What are your goals?

  • What are you trying to accomplish, do you just want to go faster, have a century in mind or want to do Lotoja?  Depending on what your goal is will affect how you plan.
  • Begin with the end in mind.  There are several different types of exercises and routines you can do, knowing where you are going will help us pick which to do.
  • I look at training as 3 different animals:   Short distance Road biking under 50 miles, Long distance Road Biking, Insane distance over 100 miles. picture about training goals

The different type of training regiments

These are some common training regiments, think of these like sets when you go weight lifting.  Each one does different things and we’ll help you in different ways.  Before starting these you need to figure out your max heart rate.  The easiest way to do that is, to get a heart rate monitor, bike 10 minutes as fast as you can then rest  5 minutes then do another 10 minutes as fast as you can, the highest your heart goes is a pretty good estimate of your max heart rate.  You can also take your age – 220 but that is a ball park figure

  • Fast Pedal -  This ride should be done on a flat section of road and will go on for about 30 minutes.  Start with at least a 10 minute warm up, then pedal for 1 minute at a 85 to 90 RPM then go to a 95 to 100 RPM, repeat this 2 times (4 minutes total)  then rest 2 minutes, this would make a complete set.  Your heart rate will climb but don’t use it to judge your intensity.  This workout is all about your cadence, focus on that.
  • Endurance Miles -  This is also called base build miles, we want to do these a lot in the beginning of the season.  Find a long ride (at least an hour) and keep your heart rate between 50-91% of your max heart rate the entire time. 
  • Tempo Training is an excellent workout for developing aerobic power and endurance.  This will really help to make your legs stronger.  Keep your gears high (harder) and your cadence low around 75-80
  • Climbing Repeats- Do this on a road with lots of hills, preferably short hills.  Keep your heart rate at 95-97% of max as you pedal, Cadence should be high around 90-100.  Basically you will go up the hill as hard as you can for 2 minutes, then go downhill for a bit, then back up repeat. You can do this on a long hill to; just go up as hard as you can for 2 minutes take it easy for 1 minute, repeat. 
  • Power Intervals – These hurt, but are extremely helpful. Don’t do these more than 2 times a week.  The way these work is you gradually increase your effort for the first 30 seconds until you get to what you feel is your max you can sustain for 2 minutes, then keep it at that max effort for another 1 minute and 30 seconds.  Take your effort down for 2 minutes, repeat.

 

There are more work outs to choose from these are just some very common ones.  I recommend any of Chris Carmichaels books or videos along with the Cycling Training Bible by Joe Friel

cyclisttrainingbiblebookChrisCarmichealbook

 

 

 

 

 

Developing the plan

            Now its time to put it all together.  I normally write out a weekly plan, what rides am I going to do each day what days am I going to rest etc.  On the topic of rest, rest is extremely important, if you start a ride and you are super sore from the last day, take it easy, just do a nice gentle ride.  The worst thing you can do is push it and try to build, soreness is the body’s way of telling you to take it easy.

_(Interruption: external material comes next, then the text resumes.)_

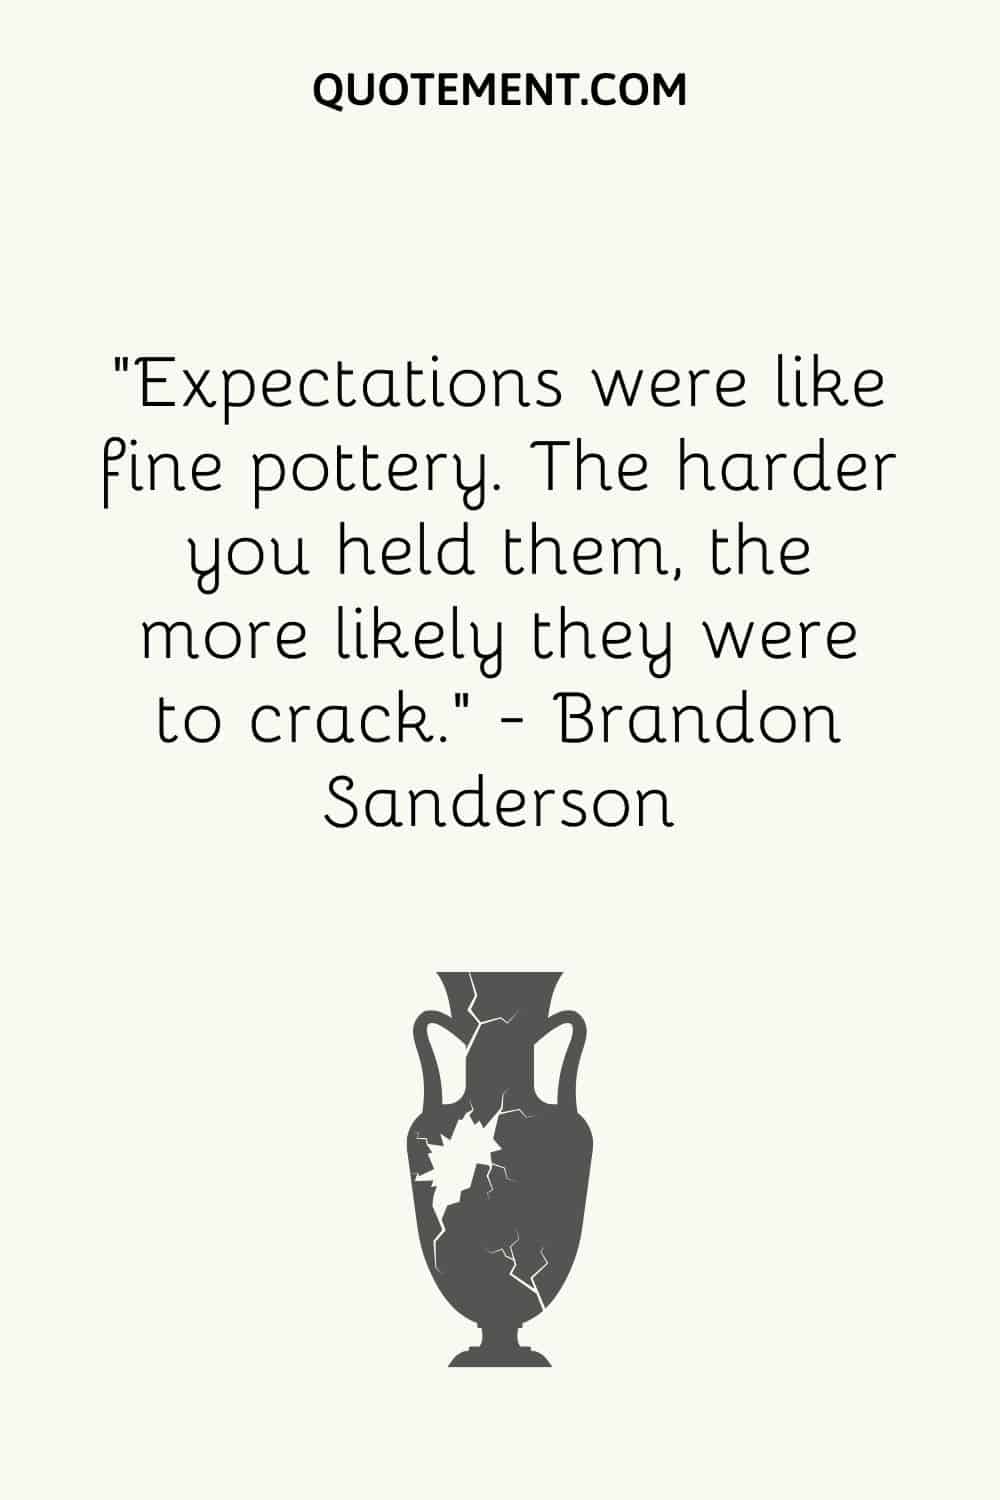 Expectations were like fine pottery

For short distance rides, do a lot of power intervals, climbing repeats, and fast pedal work outs.  SO here is a basic example of how a short distance work out would go.

Short Distance

Monday Tuesday Wednesday Thursday Friday Saturday Sunday
Warm Up, 4 sets of fast pedal, 2 climbing repeats Recovery Ride Warm Up, Tempo Training 10 minutes, 4 Power intervals Recovery Ride Warm Up, 4 sets of fast pedal, 2 climbing repeats Endurance Ride (2 hours) Rest

 

           

 

For Long Distance, do a lot of endurance miles, a lot. Also in Utah you want to do a lot of climbing repeats and more power intervals.

Long Distance

Monday Tuesday Wednesday Thursday Friday Saturday Sunday
Warm Up, 2 sets of fast pedal, 6 climbing repeats Recovery Ride Warm Up, Tempo Training 20 minutes, 6 Power intervals Recovery Ride Warm Up, 4 sets of fast pedal, 2 climbing repeats Endurance Ride (3+hours) Rest

 

For Insane Distance, you are going to train very similar to Long Distance, in fact depending on where you are at in your training you will start with Long Distance than work up.

Insane Distance

Monday Tuesday Wednesday Thursday Friday Saturday Sunday
Warm Up, 2 sets of fast pedal, 6 climbing repeats Endurance ride (2+ hours) Warm Up, Tempo Training 20 minutes, 6 Power intervals Recovery Ride Warm Up, 4 sets of fast pedal, 2 climbing repeats Endurance Ride (5+hours) Rest

 

Recovery

Your body needs time to recover, the purpose of the recovery ride isn’t to build more muscle or lose more weight, it’s to get the blood circulating in your legs to remove the lactic acid build up.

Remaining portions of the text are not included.